The second application of the transform was solving a class of differential equations, originated by the Ryu-Takayanagi formula for holographic entanglement entropy. A modified, nonlinear spectral method has been proposed. In this method, the problem of solving differential equations is replaced by a nonlinear optimization problem with the ansatz provided by translationally invariant real Fourier transform. Applying to the thermal states separated by a spherical region, the method was used to find numerically the geodesics specifying the minimal area in the entropy form (29). In solving the corresponding differential equation, a high precision was achieved despite a relatively small number of Fourier terms. The boundary case of zero temperature (pure ani-de-Sitter space) has been successfully reproduced. Both sine and cosine terms were present in the solution. The latter shows that the modified real discrete Fourier transform provides a much better ansatz than the standard combination of cosine functions.

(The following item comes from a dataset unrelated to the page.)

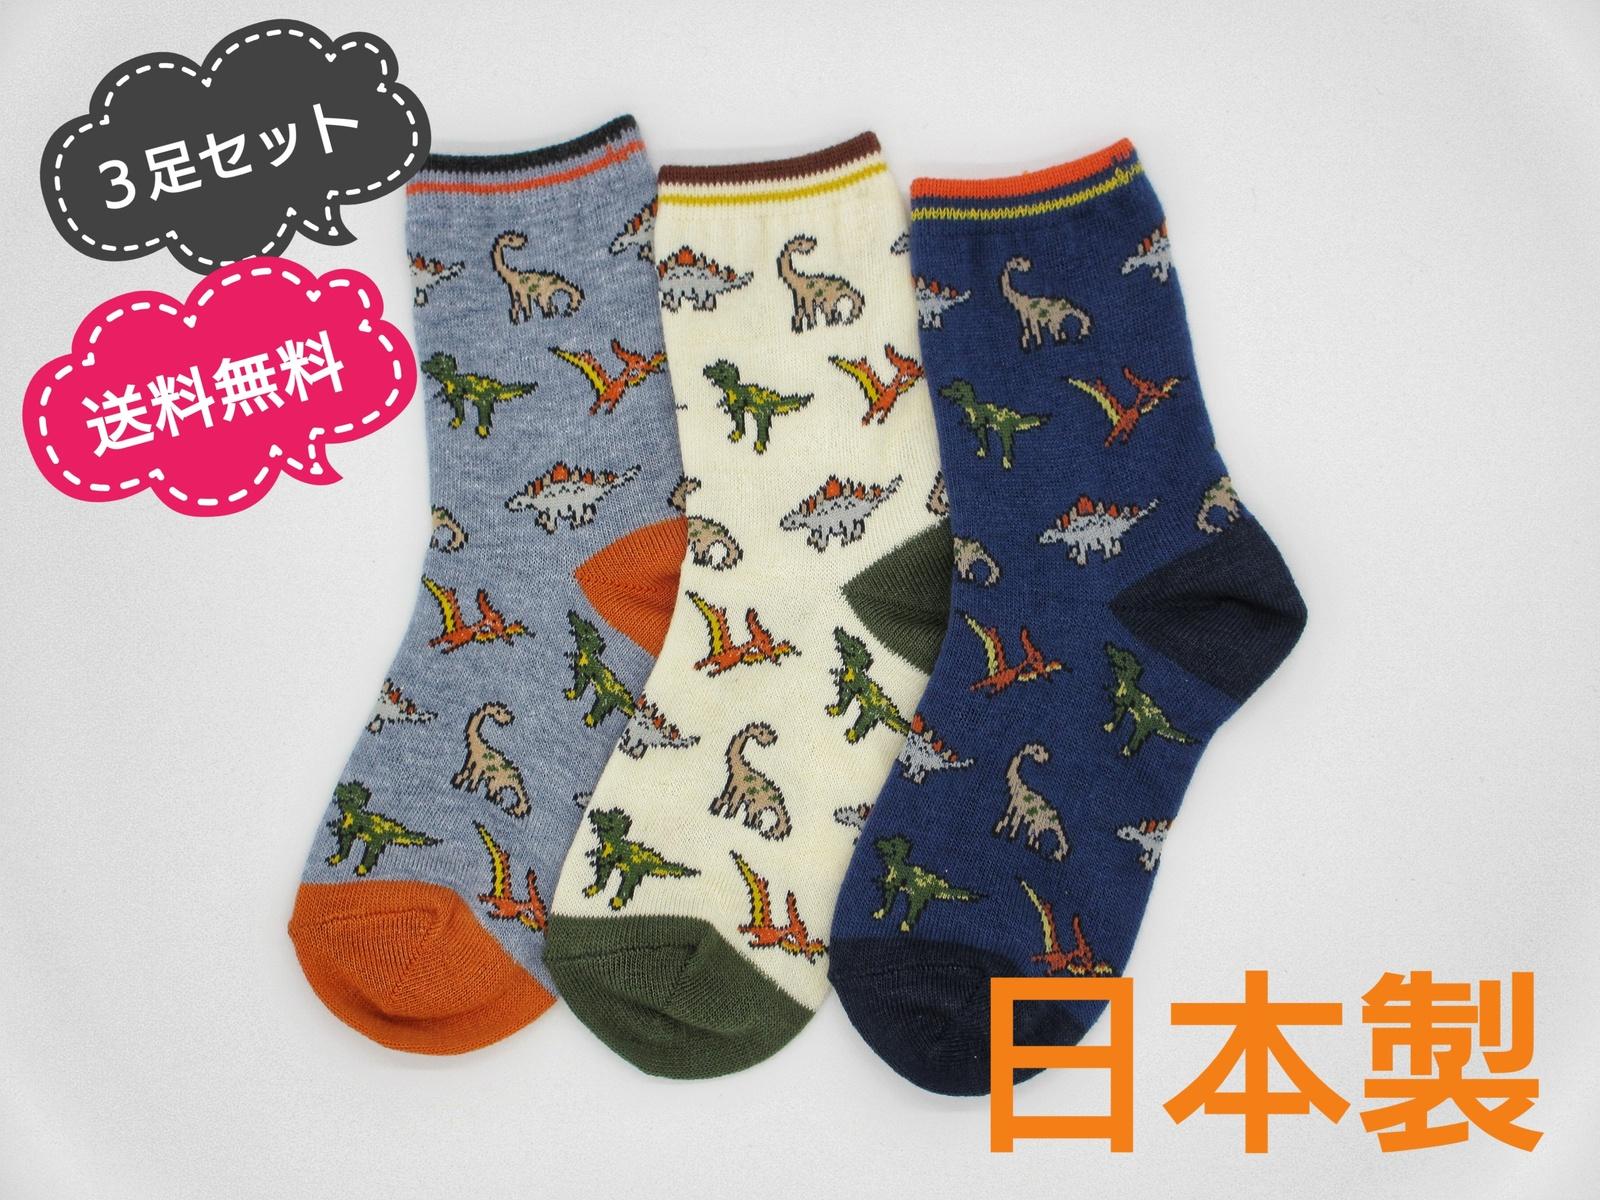 ヤマモトソックス 日本製 3足セット 送料無料 子供 靴下 キッズ 中古 男の子 16~18cm 安心の実績 高価 買取 強化中 子供用靴下 恐竜柄クルーソックス16~18cm 恐竜柄クルーソックス 19~22cm

In summary, the main conclusion of the paper was the construction of a new form of the real discrete Fourier transform and the identification of its potential applications. The transform has been tested on simple and more complicated examples. The analysis can be generalized in several different ways. For instance, one can examine applications of the proposed spectral method to a wider class of differential equations, or calculate the entanglement entropy in the limit of high temperatures. The real transform also opens the door for the application of Fourier transform to linear programming (LP). In particular, it was shown, that a certain class of the constraints of the form (10) can be simplified using complex DFT. However, this transform doubles the number of variables. The standard real RDFT  makes the problem more difficult. The new version of the transform is free of these restrictions. The only limitation is that the formulas for Fourier coefficients are more complicated than in the standard DFT and RDFT, causing potential difficulties and numerical errors. However, this is not a problem for applications to linear programming or differential equations. In the case of data analysis, it was shown that a yearly series with hourly resolution can be easily transformed and the transform perfectly reproduces the input data.